Rangeland Conservation Values

Thriving Wildlife and Habitat

As ranches continue to face fragmentation into ranchettes or other subdivision development, the future vitality of our wildlife and their habitat is greatly threatened. Many of the fastest growing counties in California have some of our State’s most productive rangelands. These lands host the wildlife and habitat you have become accustomed to seeing and hearing. In California, our rural areas are often the most desirable places for new development. Uncontrolled growth and urban sprawl are the biggest reasons for the permanent disappearance of this habitat each day.

Maintaining Vegetation and Oak Woodlands

When you think of the California landscape that you appreciate everyday, what pictures come to mind? Is it rolling hills studded with oak trees, meadow wetlands teaming with vegetation,or maybe it is the green grasses that rim the coastline or the wide stretches of natural areas as you drive along the roadway. Much of the oak woodlands throughout the State have been devastated by development and growth. Due to the pressure of urban sprawl as the cities edges closer to their ranches, private landowners are forced to sell their property as the basis of their business is threatened, thus are treasured landscapes are lost forever.

Threatened and Endangered Species

Ninety-five percent of our State’s threatened or endangered species live on private rangelands. Imagine if all of the rangeland was converted to development or other use? What will happen to these unique species? Will our children only experience these species in books or on television? If these and other endangered species are pushed into a situation where their only habitat is on public land, can they survive? The probability is no as they depend on the continuity of the landscape to thrive. They should not be forced to live solely within the boundaries of our public parks.

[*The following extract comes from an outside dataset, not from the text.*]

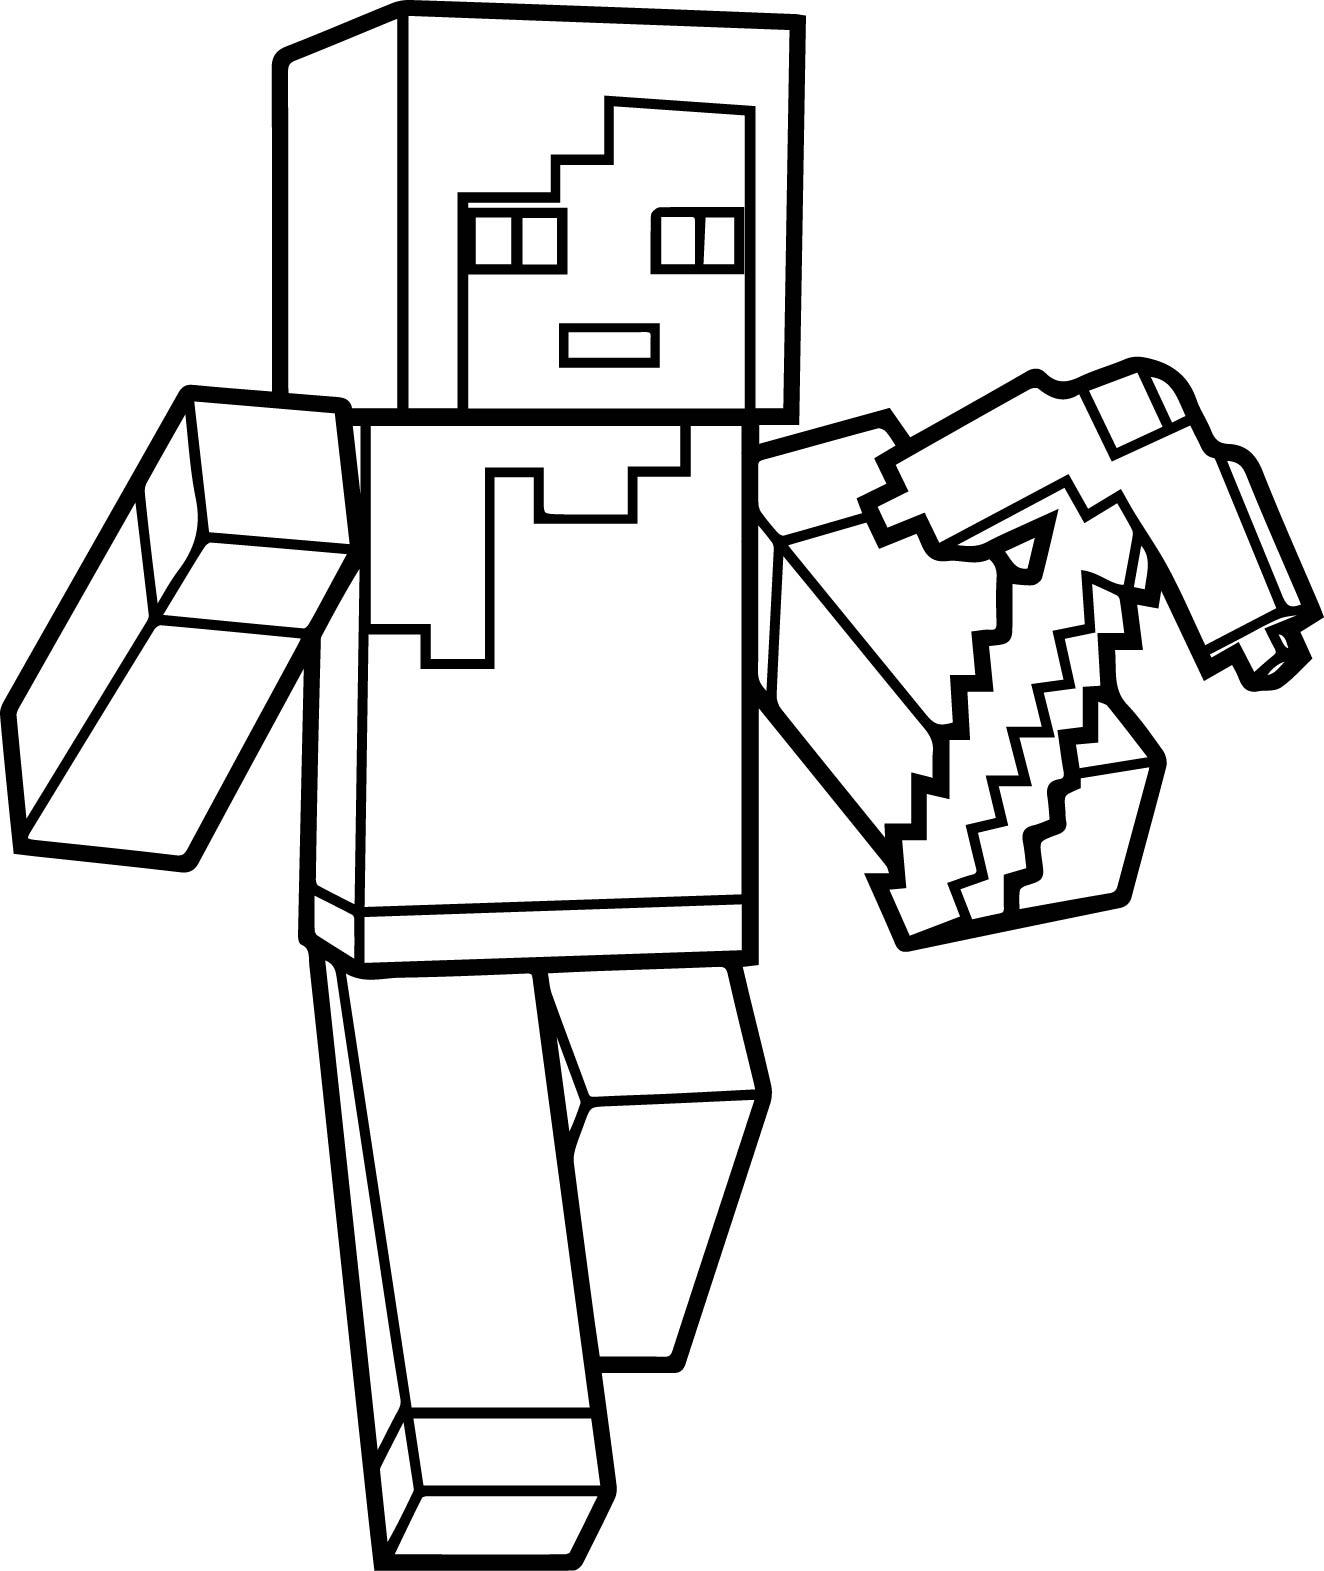 desenhos para colorir minecraft para imprimir qt09 ivango
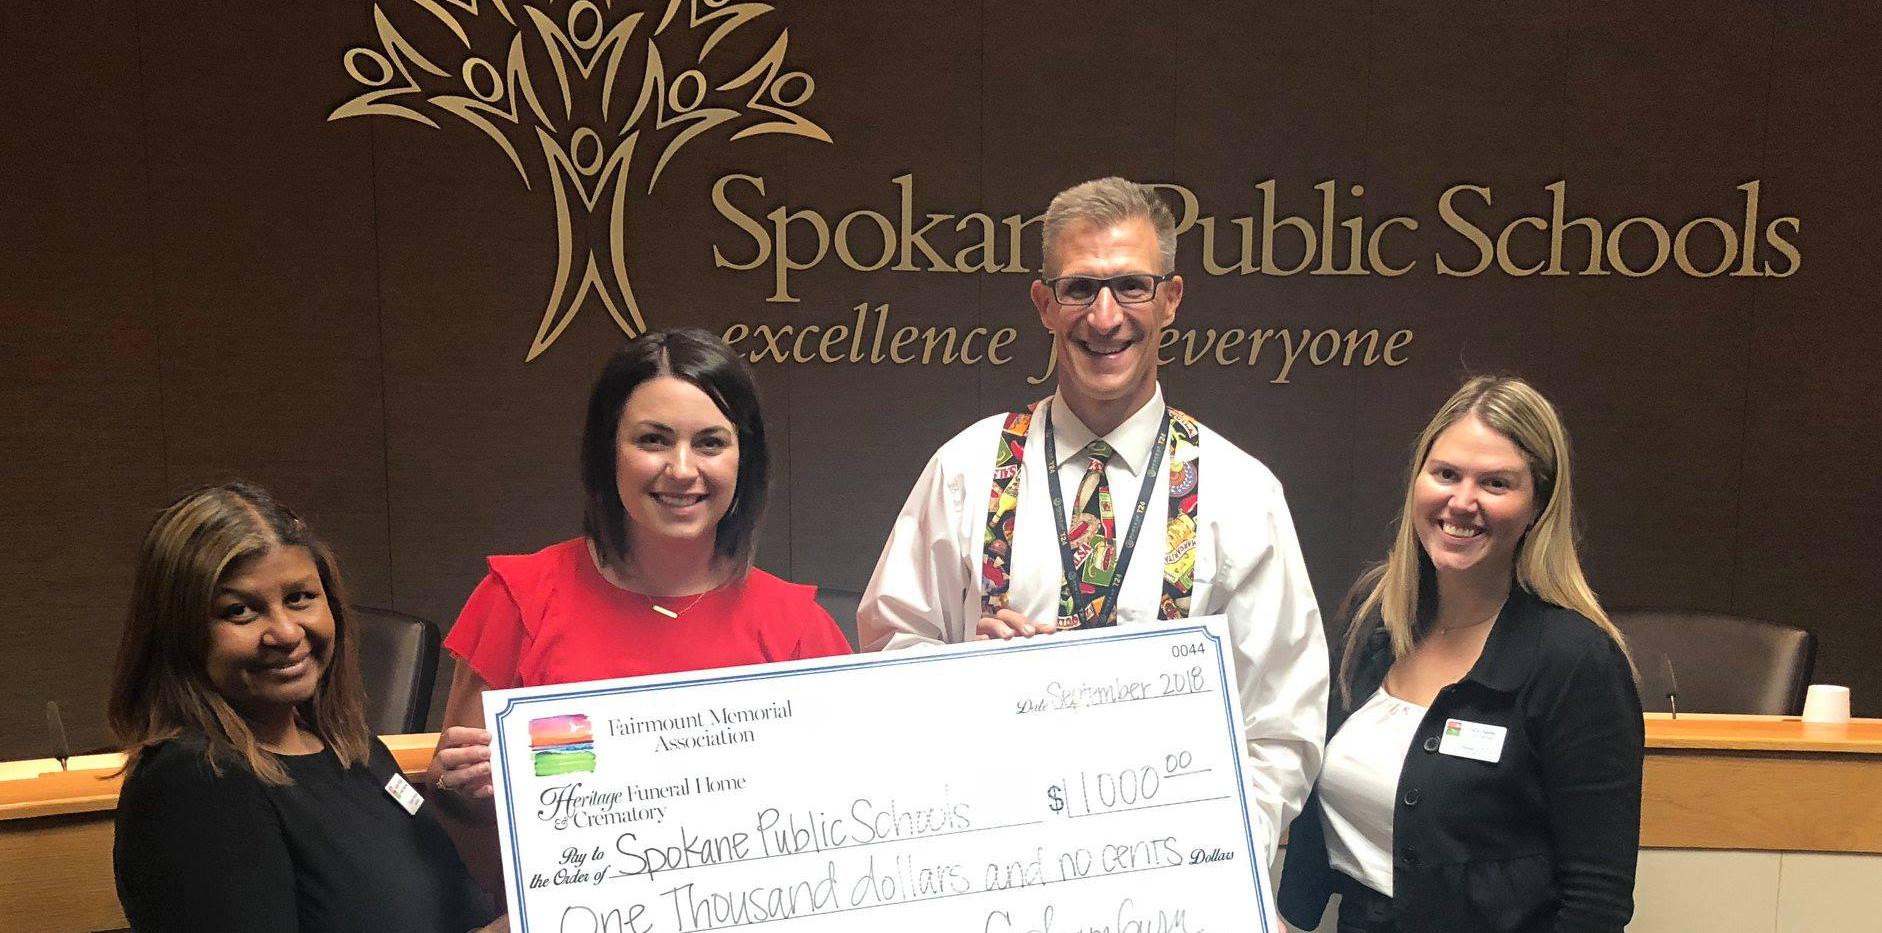 Spokane Public Schools

Sustaining Vernal Pool Ecosystems

Vernal pools are seasonal water depressions ranging in size from puddles to shallow lakes. They fill as the rains come or the snow melts throughout the year. These unique environments of pools are teaming with rare plants and animals that thrive in their harsh and ever changing environments.Almost 90 percent of California’s vernal pools have been lost. Many of our ranches in pending application support our remaining vernal pools.

Healthy Watersheds

Watersheds are the areas of land that capture water in a certain geographic region from rain, snow melt or other activities before it flows into a common river, lake, ocean or other body of water. The health and maintenance of these areas is imperative to keeping our water supply sustainable and clean. The quality of this supply is dependent in many ways on the health and maintenance of the environment for these watersheds. Many of these exist on privately owned ranchlands. Therefore, the continued stewardship by our landowners ensures these watersheds are managed indefinitely to provide a favorable water supply to benefit the California population at large.

Public

Everyone enjoys the benefits from the clean air and the clean water fostered by healthy rangelands in California. But we also have the privilege to take in breathtaking vistas of open landscape, to see deer or elk grazing in the meadows, to be amazed by the colorful display of our State’s fantastic array of wildflowers, to hike a trail to a ridge and suddenly gaze upon the endless stretch of land beyond or to hear the call of a hawk or eagle in the midday sky.

Our American history began with the right of landownership that has created a sense of permanence and connection to this land for each generation forward. Conservation easements on working rangelands provide the a unique tool for the stewards of those lands to continue to practice the management principles that keep their land healthy and vibrant for public appreciation. As each acre of the pending projects is critical for environmental conservation, there are nearly 400,000 reasons to support the California Rangeland Trust for the public benefit.